China’s Baidu to Acquire Mobile App Firm for $1.9 Billion
The Internet search giant, known as China's Google, expands its reach in the mobile phone market via the planned purchase of 91 Wireless.
HONG KONG – China’s leading online search provider Baidu has moved to strengthen its presence among mobile phone users, unveiling that it has agreed to take over mobile app store operator 91 Wireless in a deal estimated to be worth $1.9 billion.
In a statement on Tuesday, Nasdaq-listed Baidu announced it would acquire a 57.41 percent majority stake in the company, presently owned by Hong Kong-listed NetDragon Websoft.

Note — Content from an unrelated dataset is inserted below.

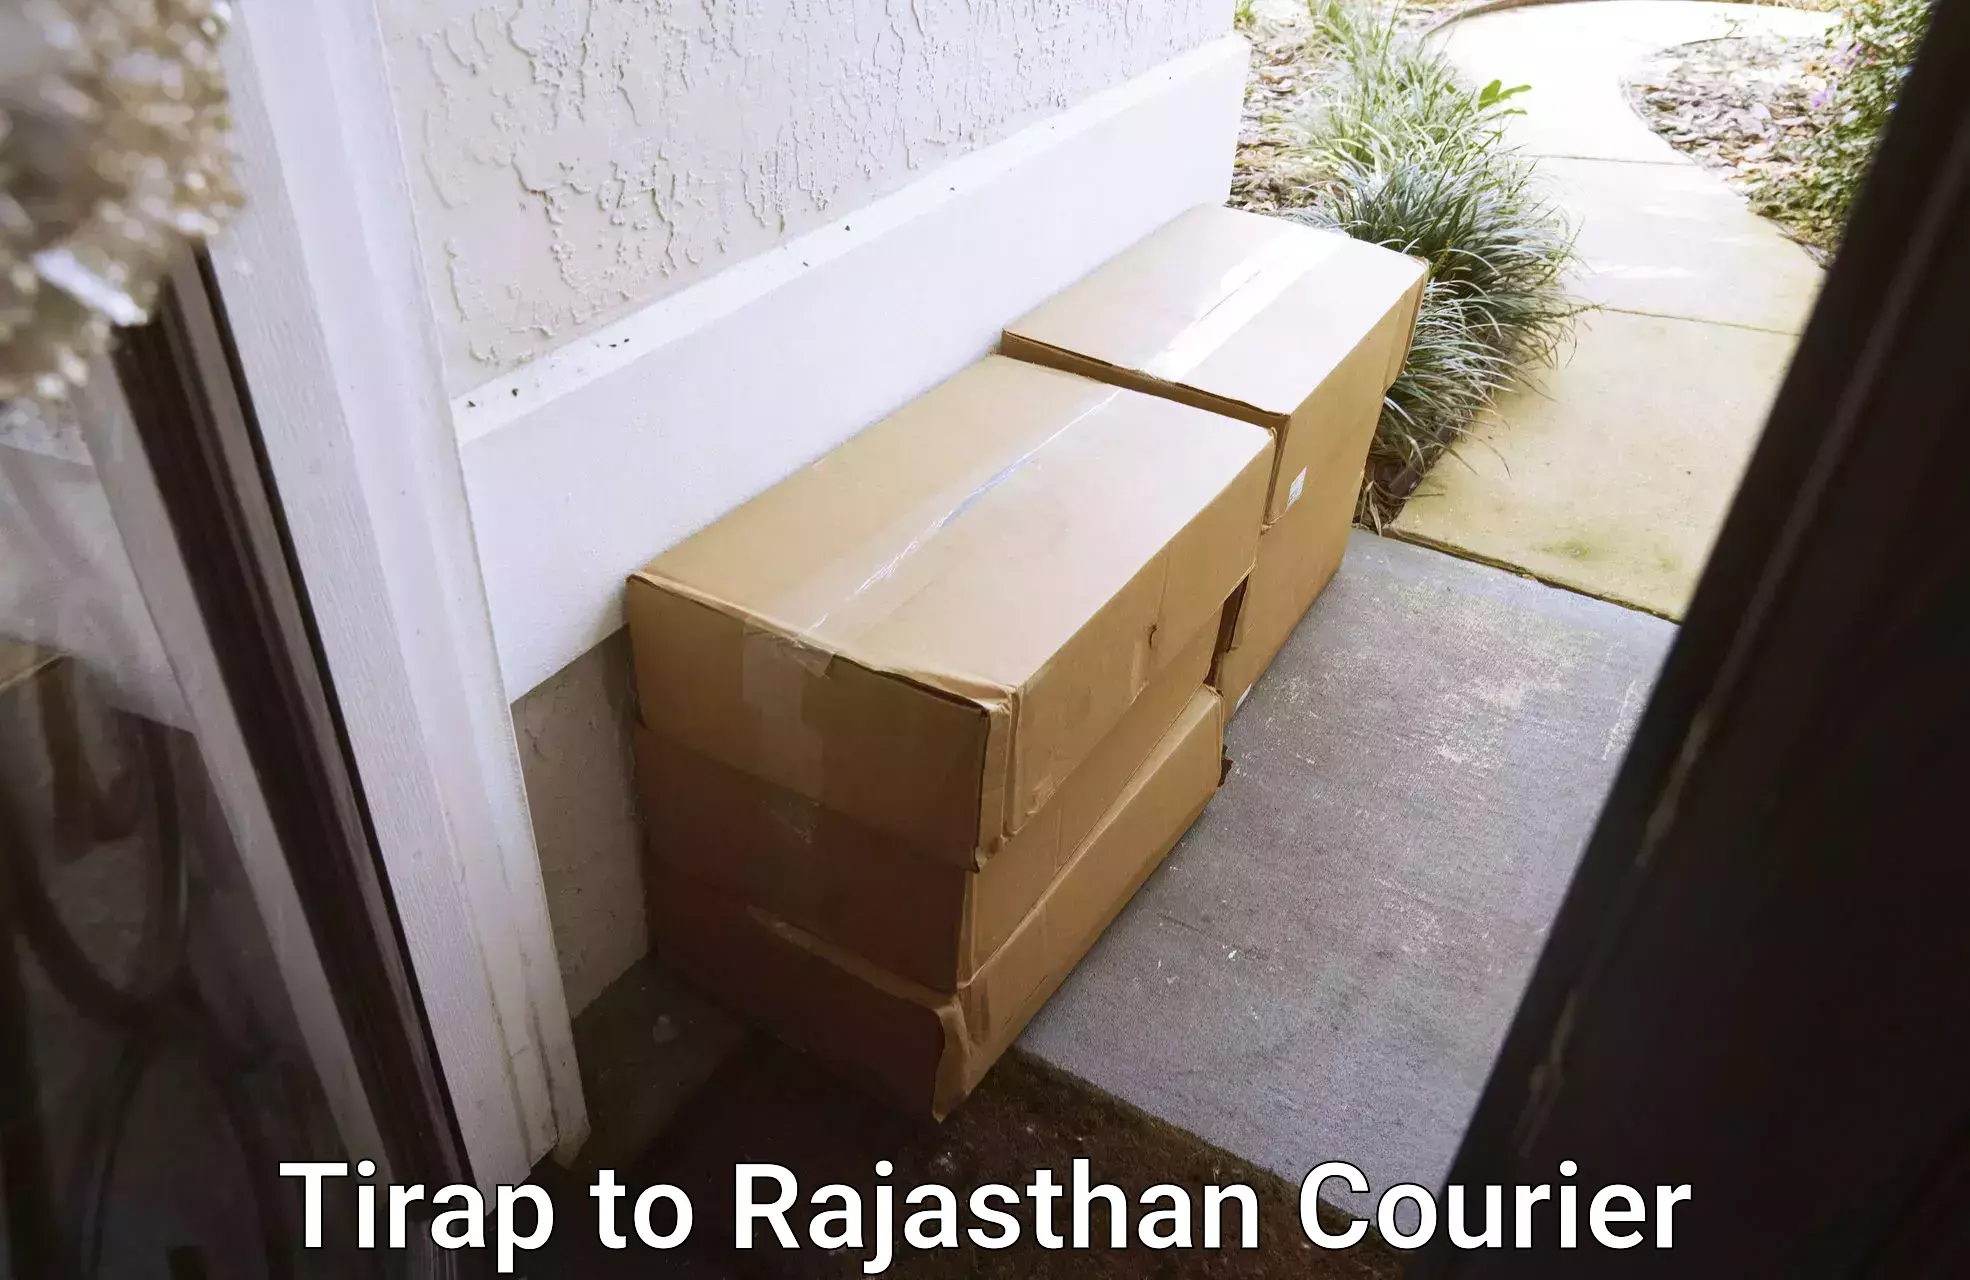 Multi-national courier services Tirap to Rajsamand

The company, sometimes referred to as China's Google, also said it “intends to purchase the remaining equity interests in 91 Wireless from other shareholders based on terms and conditions similar to those offered to NetDragon.”
The deal is believed to be Baidu's biggest acquisition ever.
Baidu had an 82 percent share of online searches via desktops in China as of March 31, but its mobile app reached only 9 percent of the nearly 1.2 billion wireless subscribers in the country, according to Bloomberg News.
The deal will see Baidu acquiring what NetDragon has described, using statistics from research firm iResearch, as the biggest third-party distribution platform of smartphone apps in China. 91 Wireless’ apps marketplace has generated 10 billion downloads since the company was founded in 2007.
The deal signals a heightened focus among China’s Internet service providers on gaining a foothold in the country’s vast market of mobile users. Baidu’s move follows e-commerce giant Alibaba’s recent investment in online portal Sohu.com.
Baidu in May acquired the online video business of Internet video provider PPS for $370 million.